#### INFORMATION SHOWN:

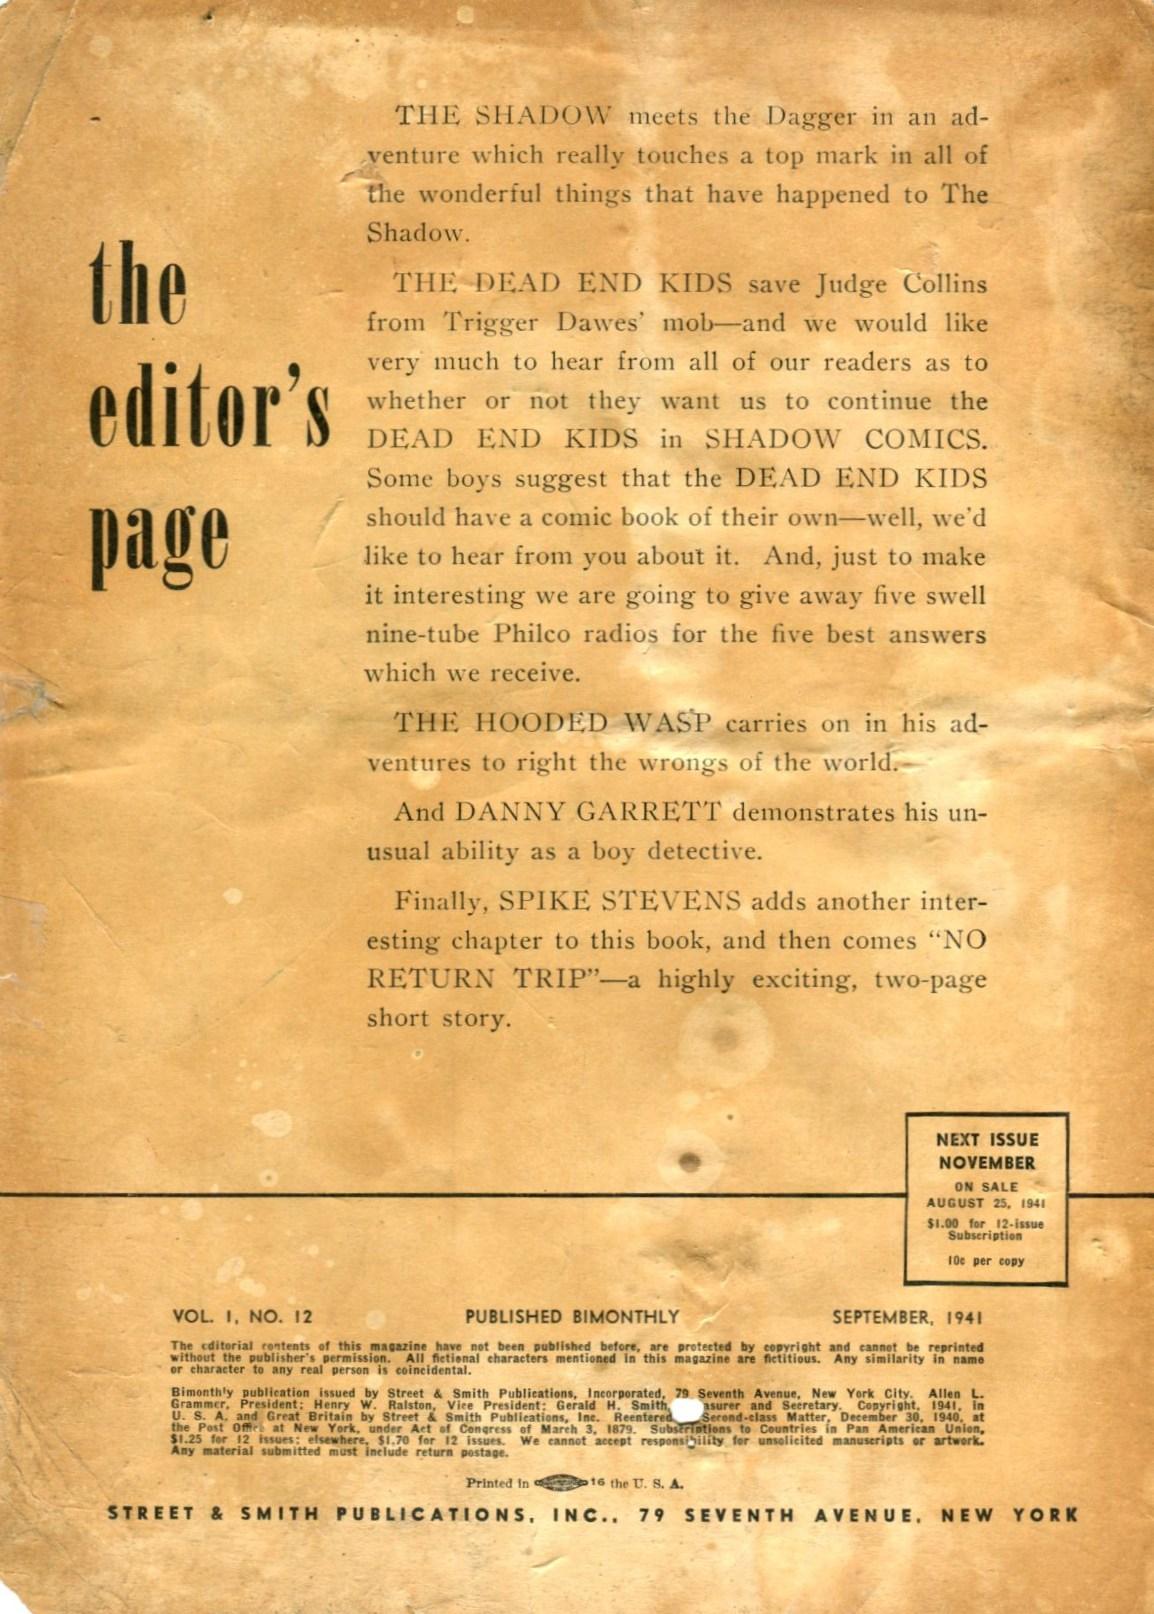 Read online Shadow Comics comic -  Issue #12 - 2
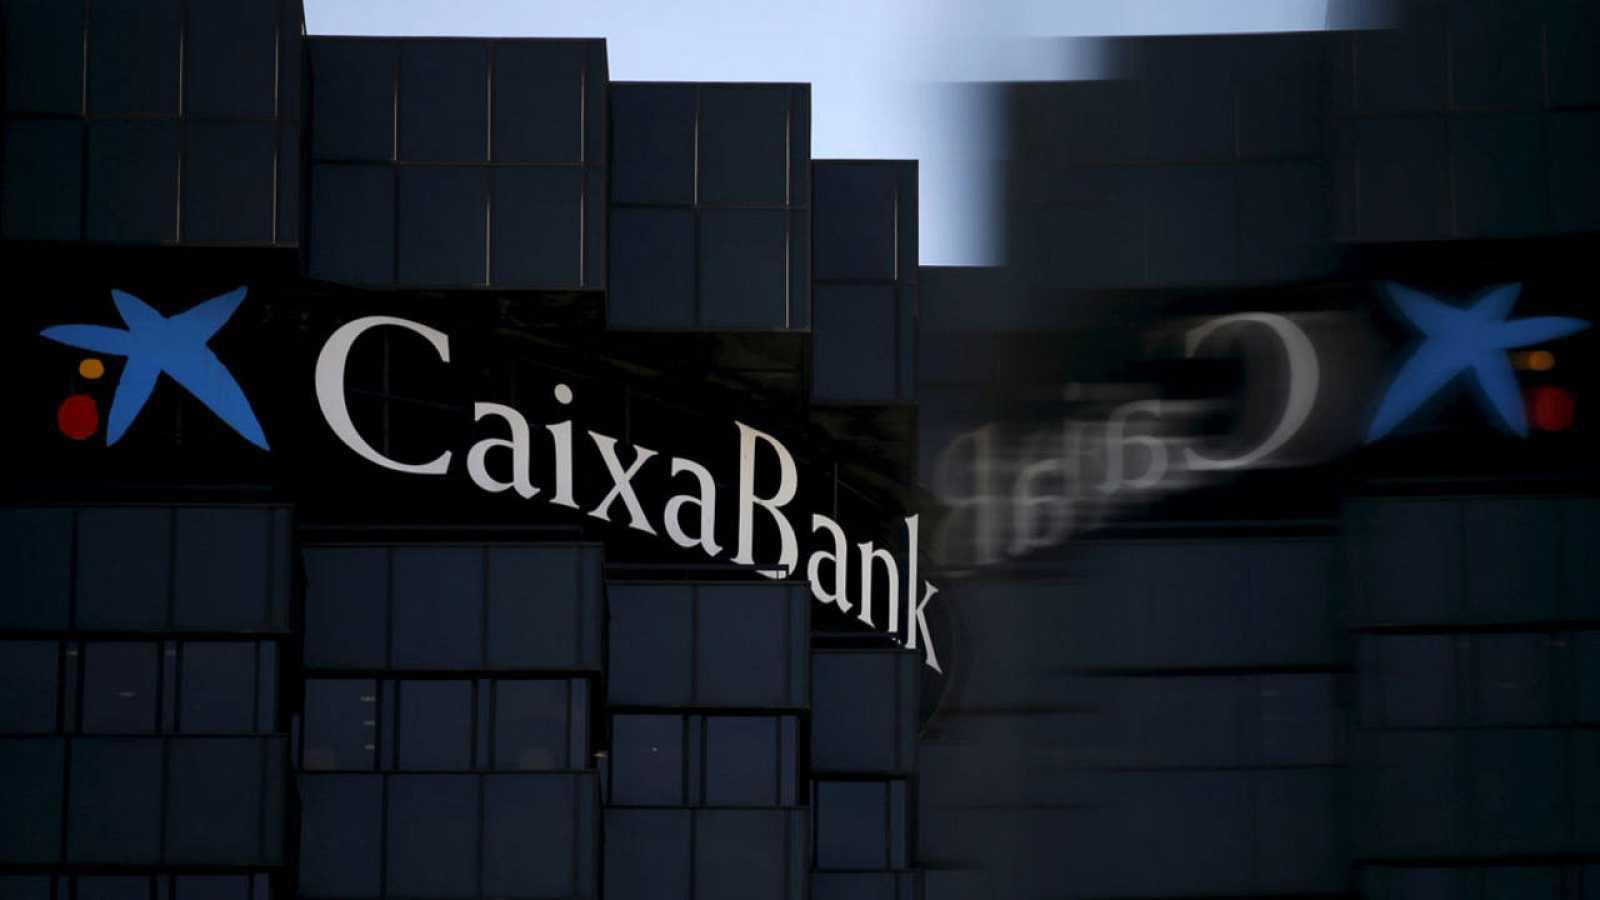 Edificio corporativo de CaixaBank
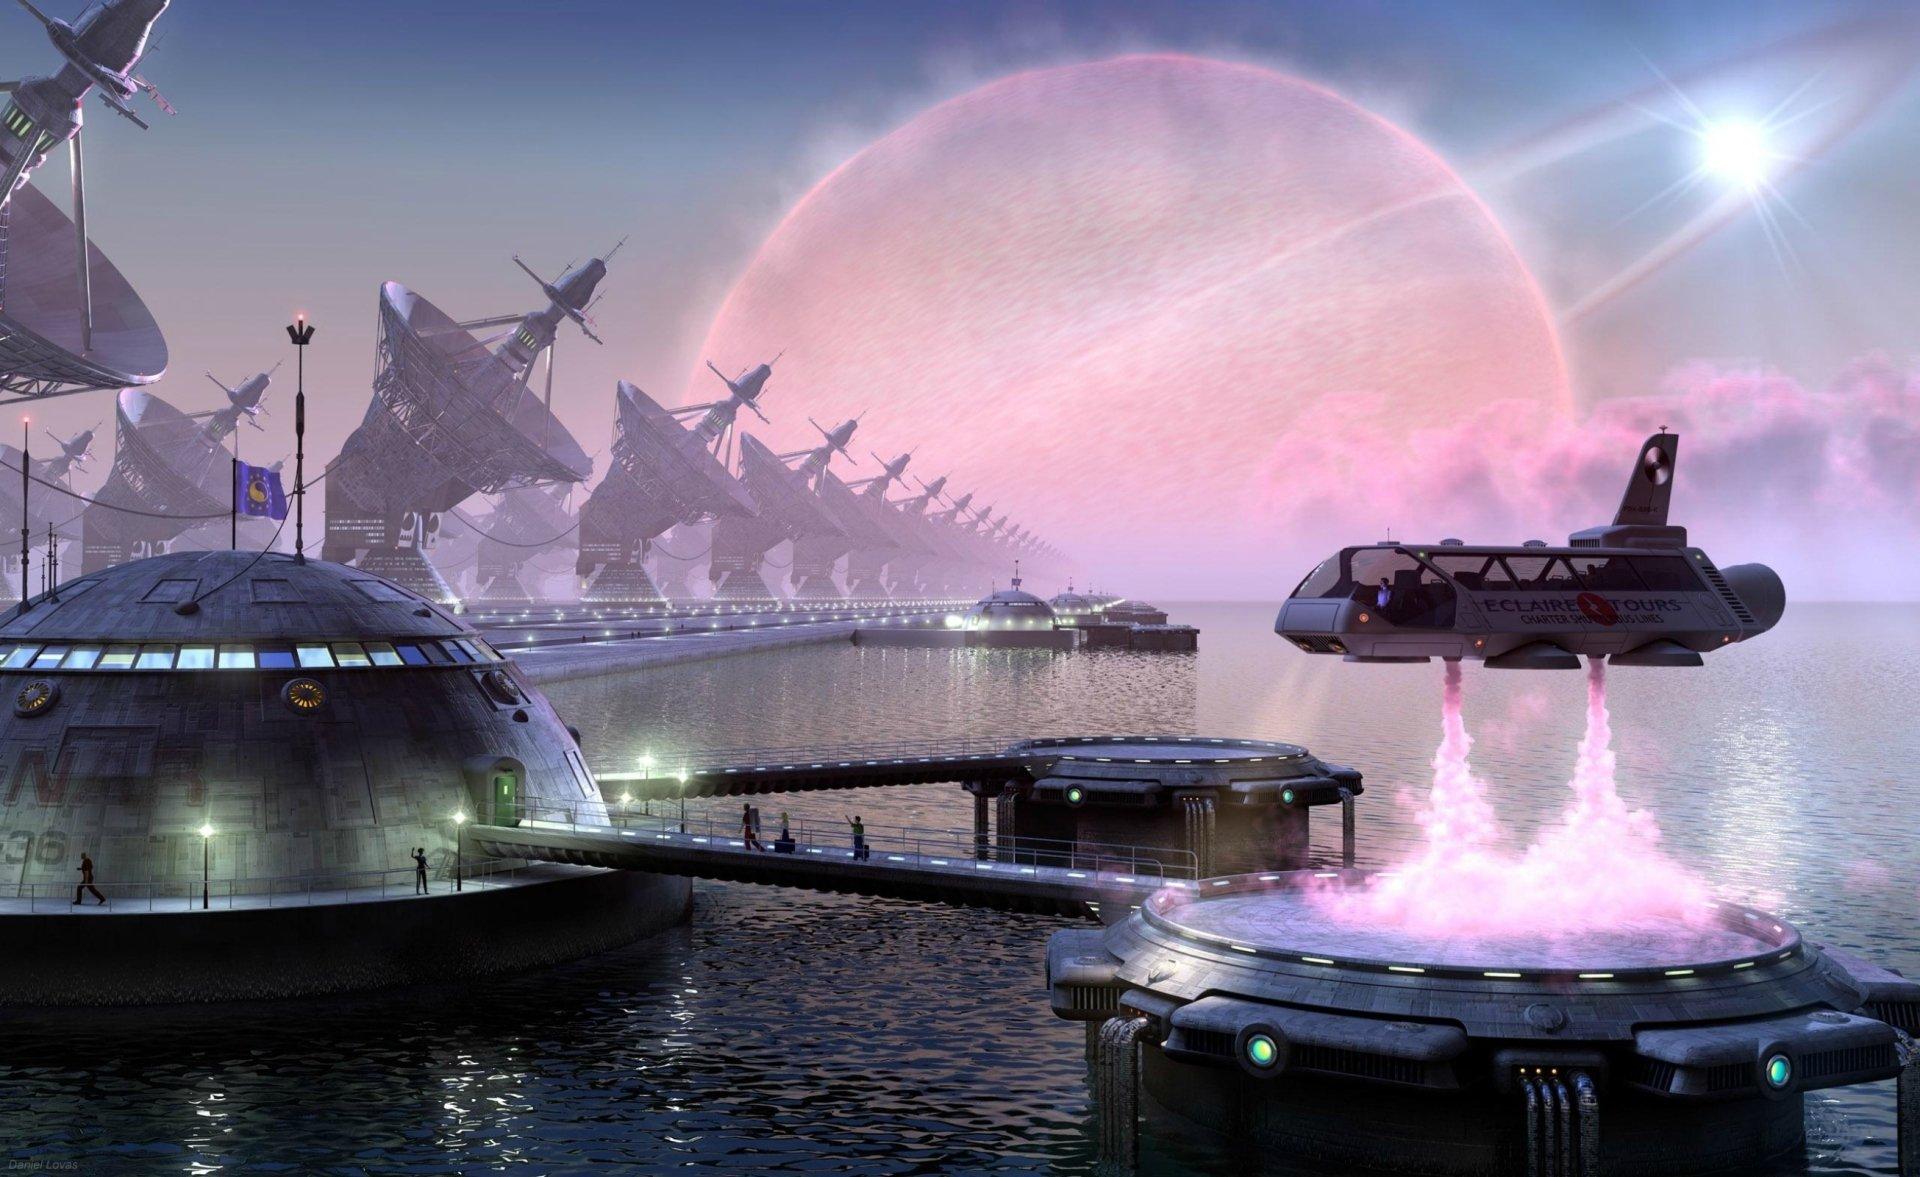 Sci Fi - Spaceport  Daniel Lovas Fantasy Wallpaper
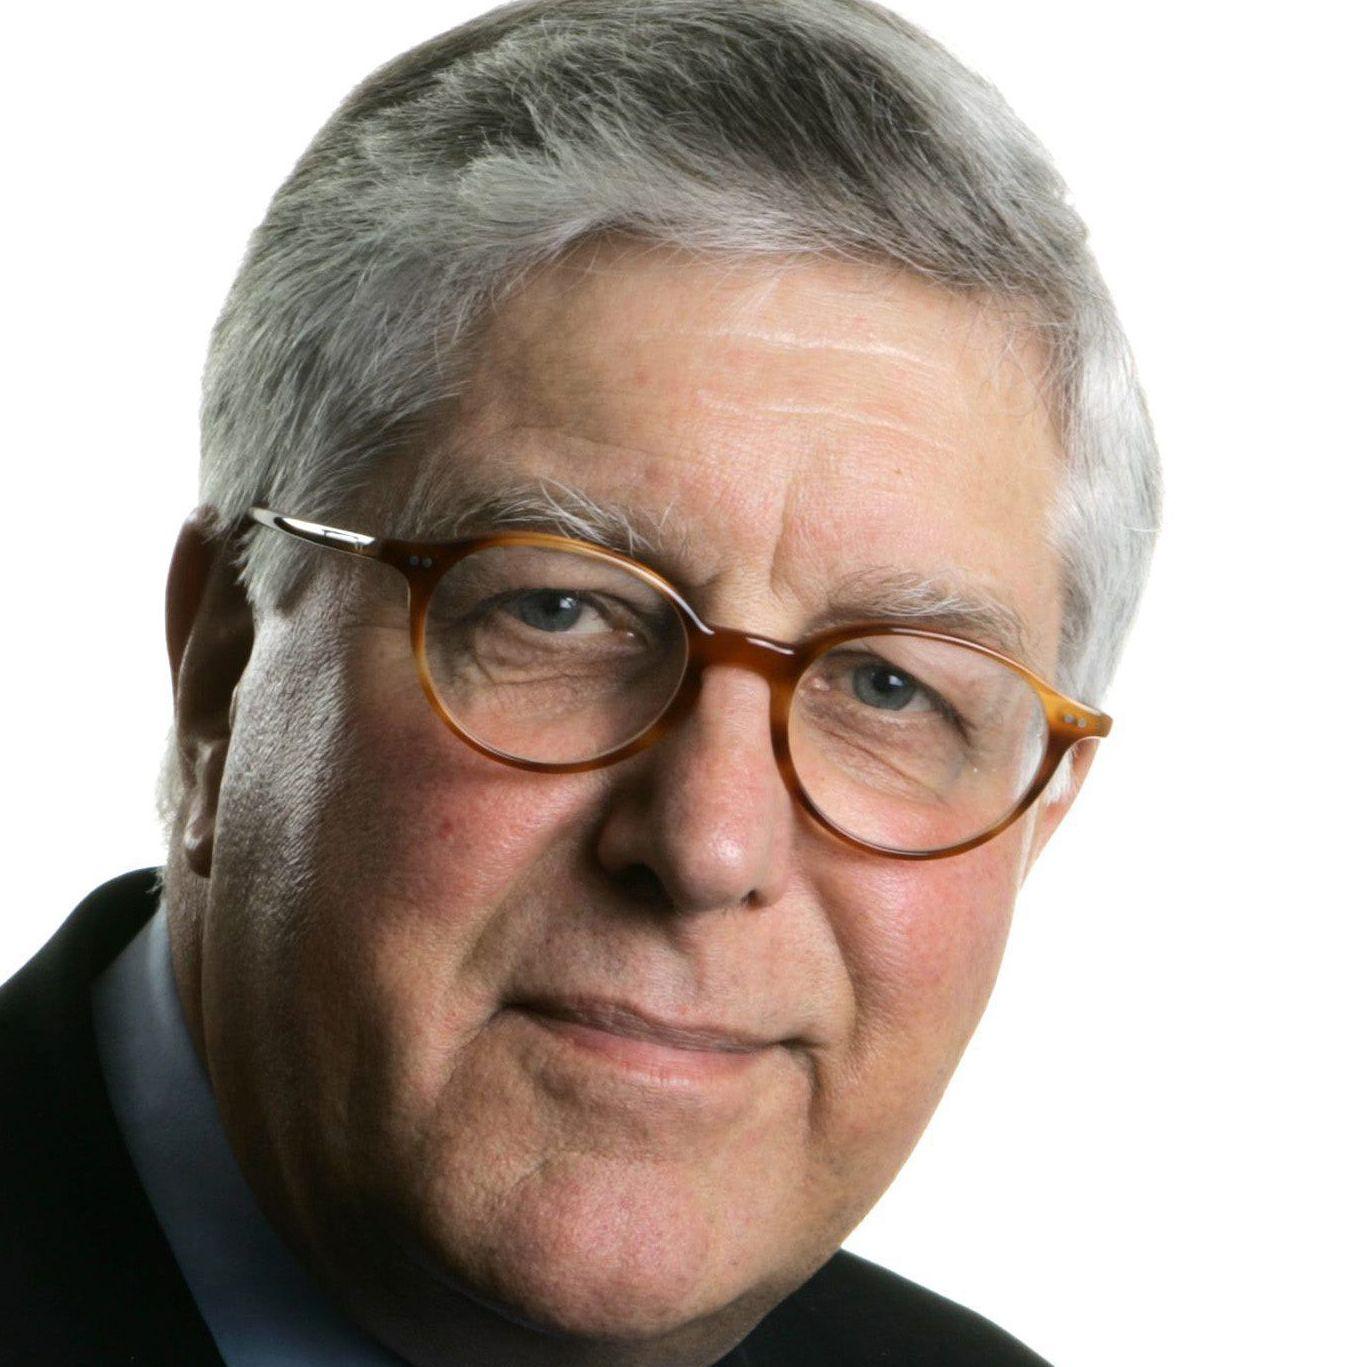 Nils Morten Udgaard

#### PROMPT:
Repeat only the lines from the one with "Edificio corporativo de CaixaBank" through the end of the data, both included and exactly as written. Pictures stay out of the copy.

#### SOLUTION FOR THIS PROBLEM:
 Edificio corporativo de CaixaBank
 Sci Fi - Spaceport  Daniel Lovas Fantasy Wallpaper
 Nils Morten Udgaard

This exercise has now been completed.